​ANZ boosts data analytics capability with Google Cloud

The blue bank has implemented Google Cloud in a bid to accelerate the delivery of data-driven business insights to its Institutional customers.
Written by Asha Barbaschow, Contributor on

The Australia and New Zealand Banking Group (ANZ) has turned to Google Cloud in a bid to boost its data and analytics capability.

According to ANZ, the initiative is expected to accelerate the delivery of data-driven business insights to its Institutional Customers.

It comes after a proof-of-concept was conducted, which ANZ said used Google's secure cloud tech to analyse aggregated, de-identified data sets for customer insights, instead of performing the task manually.

The announcement follows the bank earlier this month opening some of its ATMs to accept cash withdrawal via smartphones and smartwatches, and adopting Atlassian's range of software as it continues its push into agile ways of working.

"Increasingly, our Institutional customers are looking to us for strategic partnership in addition to the financial products and services we offer. The cloud-based platform can give our bankers meaningful data insights instantly -- as it allows us to process data 250 times faster," ANZ Head of Data and Digital, Institutional Joss Raines said on Wednesday.

"Over time we can help customers make informed business decisions more quickly on issues like liquidity, risk, and cash management, or strategic calls like store locations, inventory, and market positioning."

The announcement from ANZ comes as a report from the Australian Securities and Investments Commission (ASIC) highlighted an "unacceptable" delay in financial institutions reporting a "significant" breach, asking banks to remedy this by improving its data collection and the operation of their business and compliance IT systems.

The report [PDF] found that ANZ in addition to the Commonwealth Bank of Australia (CBA), the National Australia Bank (NAB), and Westpac are taking an average of 150 days to investigate and lodge a breach report to ASIC.

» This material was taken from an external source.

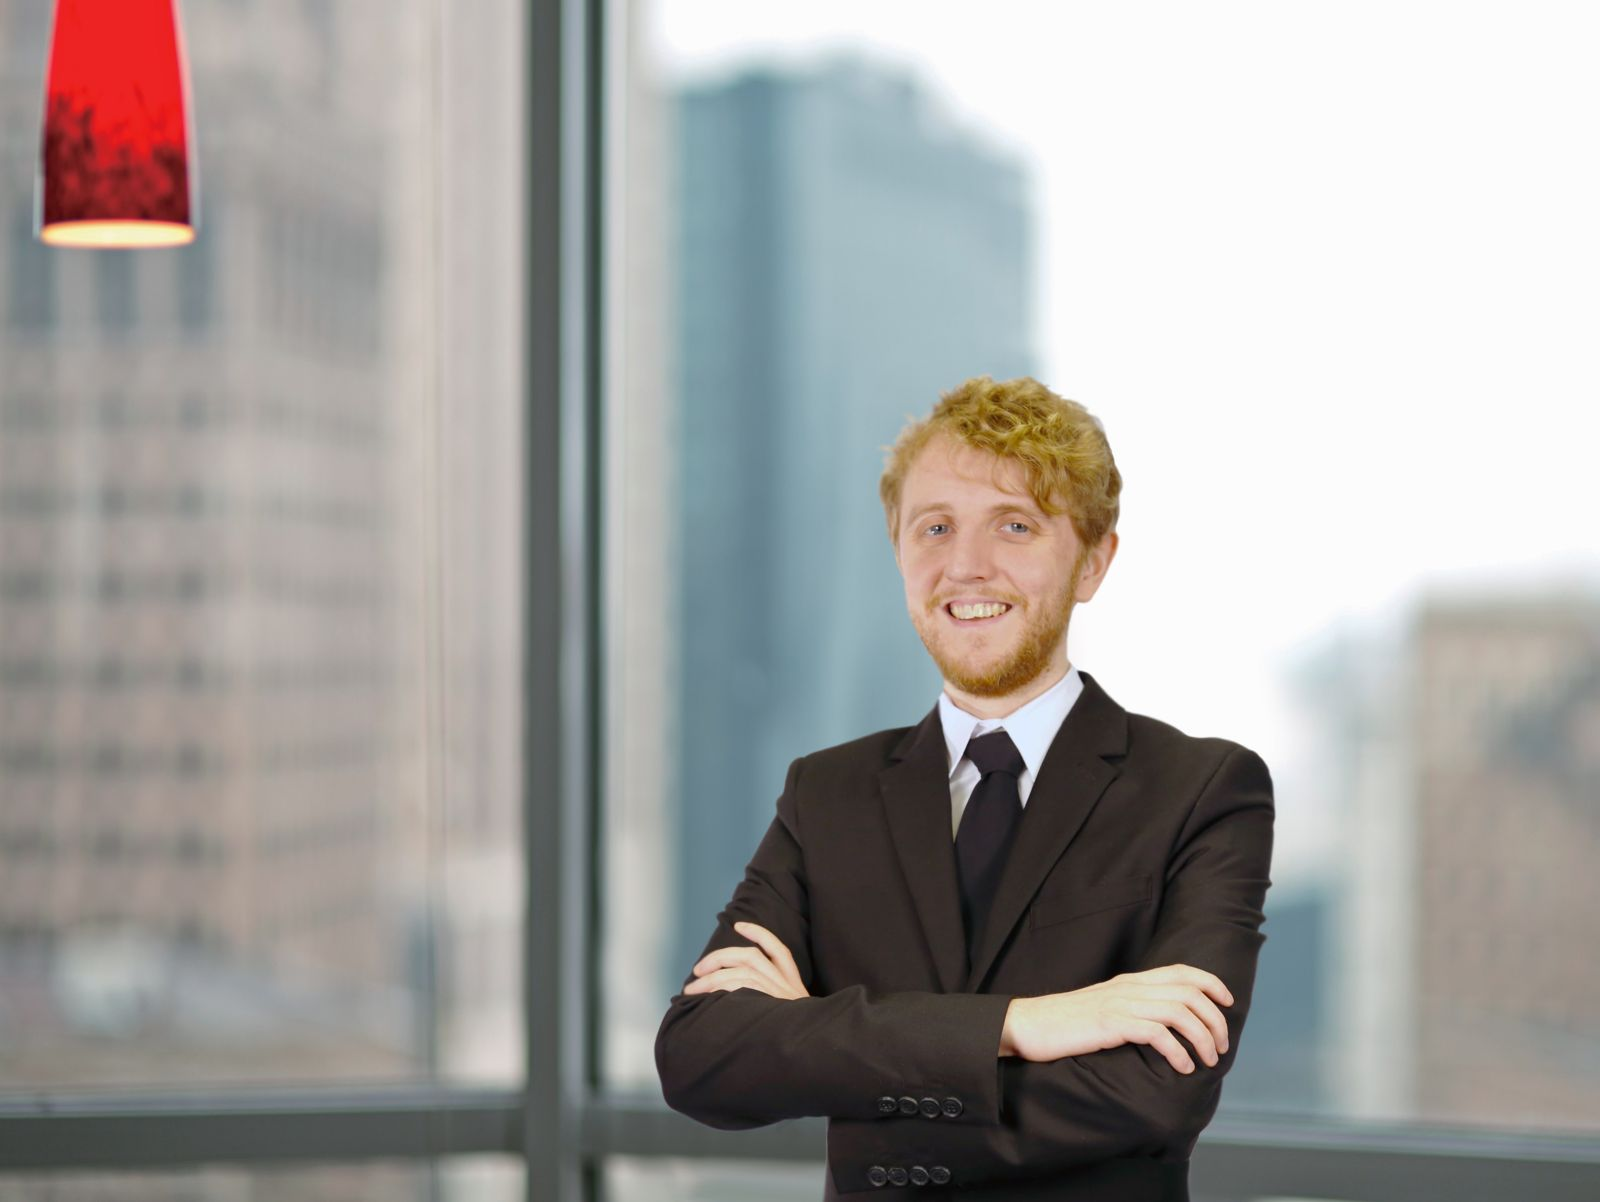 Attorney Ryan Truesdale

Under the law, all financial institutions are required to have a process that effectively identify breaches and then reports significant breaches to ASIC within 10 business days of becoming aware of them. Failure to do so is a criminal offence.

"The identified instances of non-compliance with the 10 business days reporting requirement are unacceptable, especially when the legal requirement is to report 'as soon as practicable' but no later than 10 business days from awareness," ASIC wrote in its report.

The major financial groups also took an average of 1,726 days to identify an incident that was later determined to be a significant breach.

ASIC also found that some of the IT systems used by financial providers had limited search functionality, which the regulator said, in combination with a fragmented approach to recording information over many databases, inhibited the identification and investigation of a number of significant breaches.

The report from ASIC follows CBA in June entering into an agreement with Austrac to end civil proceedings initiated in August 2017.

The agreement sees the bank admitting to 53,750 breaches of the Anti-Money Laundering and Counter-Terrorism Financing Act (AML/CTF), which included failing to hand over 53,506 threshold transaction reports (TTRs) for cash transactions over AU$10,000 to the regulator through intelligent deposit machines (IDMs) for almost three years between November 2012 and September 2015; and for a period of three years not complying with its AML/CTF program across 778,370 transactions.